A watermark stored in a data file refers to a method for ensuring data integrity which combines aspects of data hashing and digital watermarking. Both are useful for tamper detection, however each has advantages and disadvantages.

Data hashing

A typical data hash will process an input file to produce an alphanumeric string unique to the data file. Should the file be modified, such as if one or more bit changes occur within this original file, the same hash process on the modified file will produce a different alphanumeric. Through this method, a trusted source can calculate the hash of an original data file and subscribers can verify the integrity of the data. The subscriber simply compares a hash of the received data file with the known hash from the trusted source. This can lead to two situations: the hash being the same or the hash being different.

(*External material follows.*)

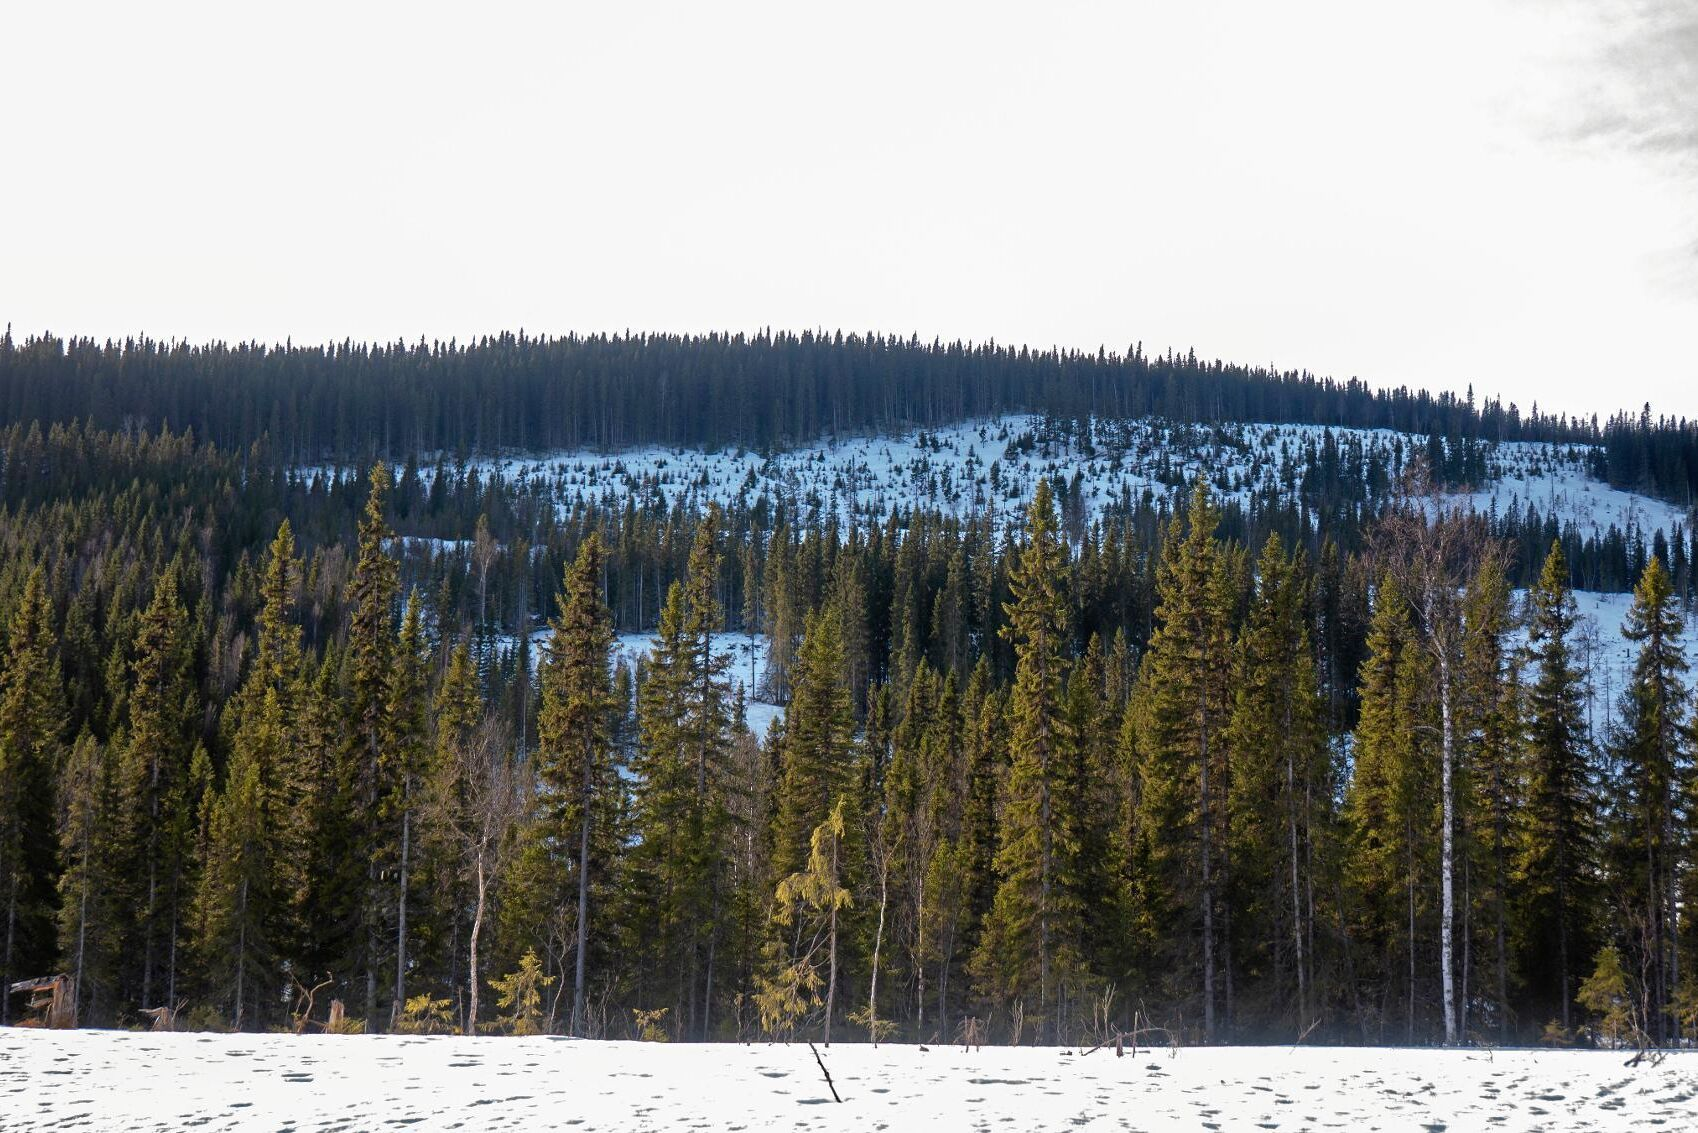 Den fjällnära skogen är ett tvisteämne (arkivbild).

If the hash results are the same, the systems involved can have an appropriate degree of confidence to the integrity of the received data. On the other hand, if the hash results are different, they can conclude that the received data file has been altered.

A disadvantage of this hash process is that no indications exist as to the extent or location of changes within the received data file. Only two results can be given - the received data file is trustworthy or it isn't. Therefore, if there is a single change in the file, a hash check will fail and the data discarded.

This process is common in P2P networks, for example the BitTorrent protocol. Once a part of the file is downloaded, the data is then checked against the hash key (known as a hash check). Upon this result, the data is kept or discarded.

Digital watermarking

Digital watermarking is distinctly different from data hashing. It is the process of altering the original data file, allowing for the subsequent recovery of embedded auxiliary data referred to as a watermark.

A subscriber, with knowledge of the watermark and how it is recovered, can determine (to a certain extent) whether significant changes have occurred within the data file. Depending on the specific method used, recovery of the embedded auxiliary data can be robust to post-processing (such as lossy compression).

If the data file to be retrieved is an image, the provider can embed a watermark for protection purposes. The process allows tolerance to some change, while still maintaining an association with the original image file. Researchers have also developed techniques that embed components of the image within the image. This can help identify portions of the image that may contain unauthorized changes and even help in recovering some of the lost data.

A disadvantage of digital watermarking is that a subscriber cannot significantly alter some files without sacrificing the quality or utility of the data. This can be true of various files including image data, audio data, and computer code.